Finanzielle Einschnitte
Die Sorgen der Studierenden sind aber auch anderer Natur, denn die Trump-Regierung hat großflächig Finanzierungen eingestellt. Ein Studierender aus Österreich hat etwa seinen Master vorzeitig abgebrochen: Sein Labor wurde nicht mehr finanziell unterstützt, teilte Fulbright Austria auf PULS 24 Anfrage mit.
Andere Studierende bekamen keine PhD-Angebote oder mussten ihr Projekt ändern, "weil einfach das Geld nicht mehr da war, zum Beispiel für Stammzellen oder Datenerhebungen", so André.

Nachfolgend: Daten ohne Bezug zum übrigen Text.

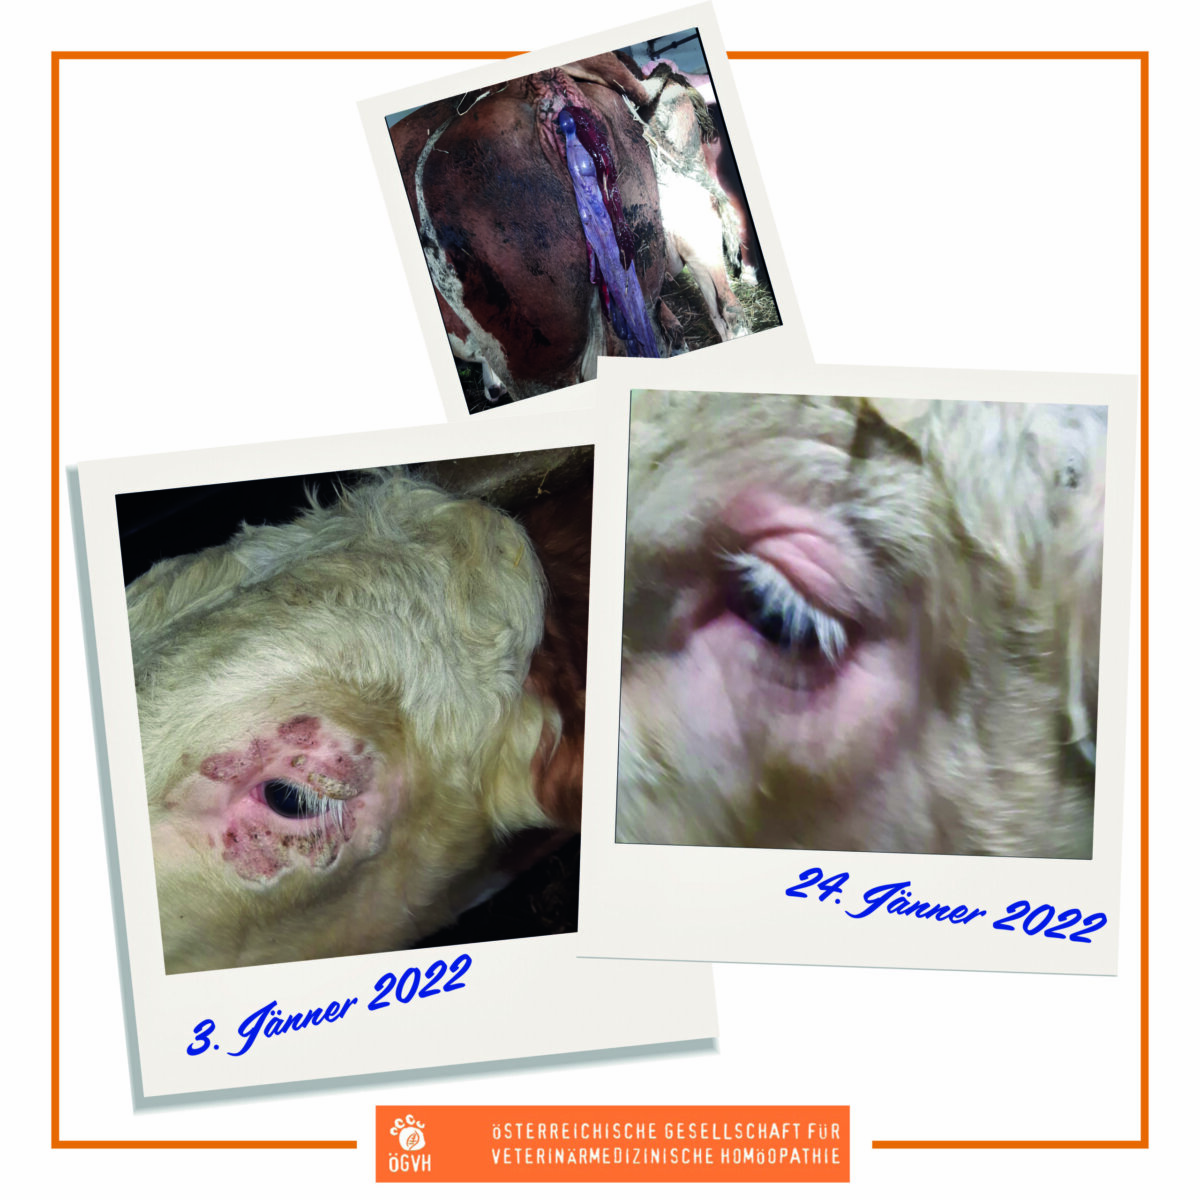 Kostenlose Vortragsreihe: Homöopathie in der Nutztierpraxis Case reports & Arzneimittelbilder

Vorübergehend wurden auch finanzielle Mittel für das Institut für internationale Bildung eingefroren, viele Mitarbeiter:innen entlassen. Auch Fulbright Austria spürte die Auswirkungen davon. Mittlerweile wurden die Mittel zwar wieder freigegeben, Studierende des Programmjahres 2025-26 würden wichtige Dokumente aber später als normalerweise, jedoch rechtzeitig erhalten, hieß es.
"Wachsam bleiben"
"Es ist zum Heulen alles", fasst André die Lage zusammen. Generell sei es in den USA gerade "sehr, sehr geladen". Alle Lebensbereiche würden polarisieren, die Kluft dazwischen sei groß: "Autos und Züge. Politische Meinungen. Visum oder Einheimischer. Überall gibt’s zwei Lager und nur zwei Lager. Und die sind so weit auseinander, dass man wirklich nur sagen kann, blau-rot, schwarz-weiß, plus-minus."

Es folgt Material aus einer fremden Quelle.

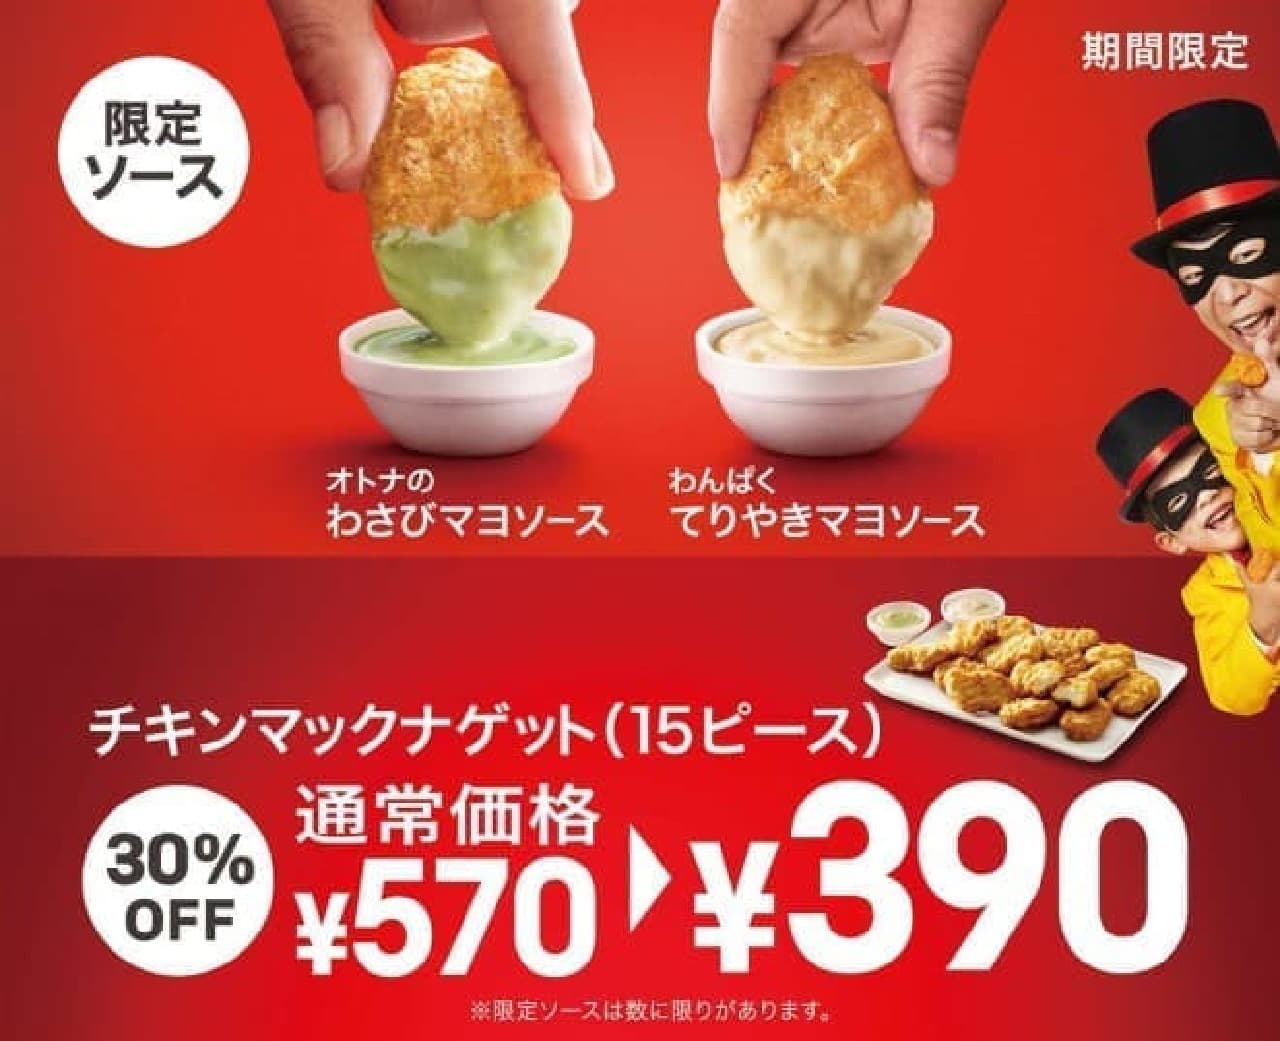 McDonald's "Adult Wasabi Mayo Sauce" and "Naughty Teriyaki Mayo Sauce"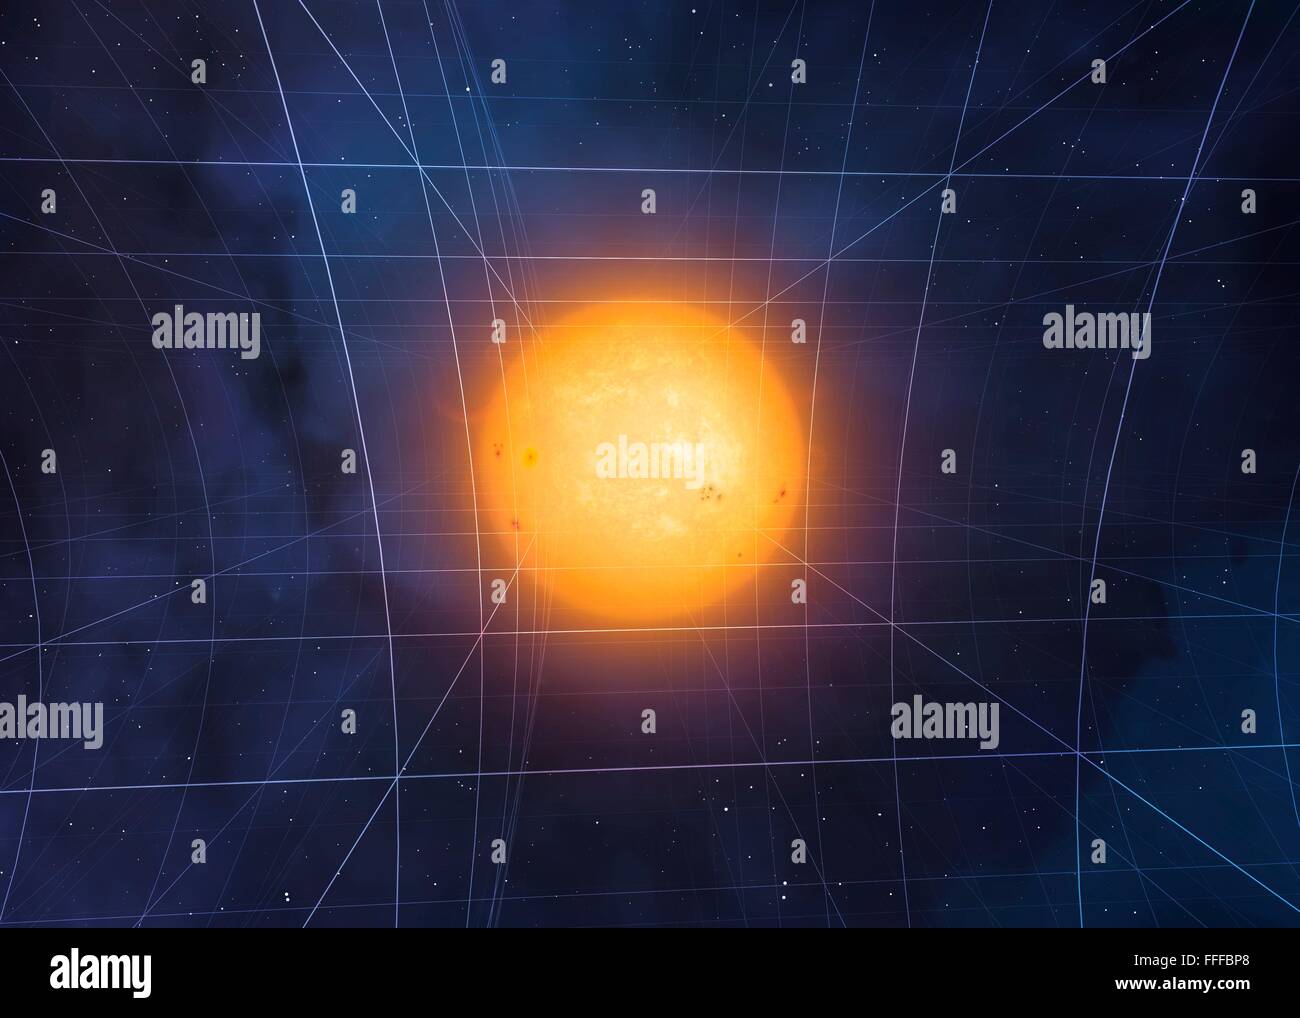 La curvatura dello spazio-tempo. Computer artwork del sole della curvatura dello spazio-tempo secondo Einstein Teoria della relatività generale. Foto Stock

Dirmayer hat sich daher entschieden, nach seinem Abschluss wieder nach Österreich zurückzukehren, um dort politisch "einen Beitrag zu leisten".
Die USA würden zeigen, wie schnell es gehe. Schließlich ist Trump erst seit Jänner wieder im Amt. Für den Studenten sei es ein "Weckruf" gewesen, es habe ihn "frustriert, hier zusehen zu müssen".
Mit einer anderen Regierung "hätten wir uns auch damit beschäftigen müssen", meint Dirmayer. Daher sollten die USA als Anstoß verstanden werden, "aktiv und wachsam zu bleiben und zu überlegen, was kann ich machen, bevor es zu so etwas kommt? Wie kann ich kritisch bleiben?"
Zusammenfassung
- Internationale Studierende leben in den USA seit der Machtübernahme von Präsident Donald Trump in Ungewissheit.
- Ihre Visa können ihnen wegen geringster Vergehen entzogen werden, sie selbst wissen darüber erst Bescheid, wenn es zu spät ist.
- Zwei betroffene Studierende sprachen mit PULS 24 über die Lage: "Es ist zum Heulen."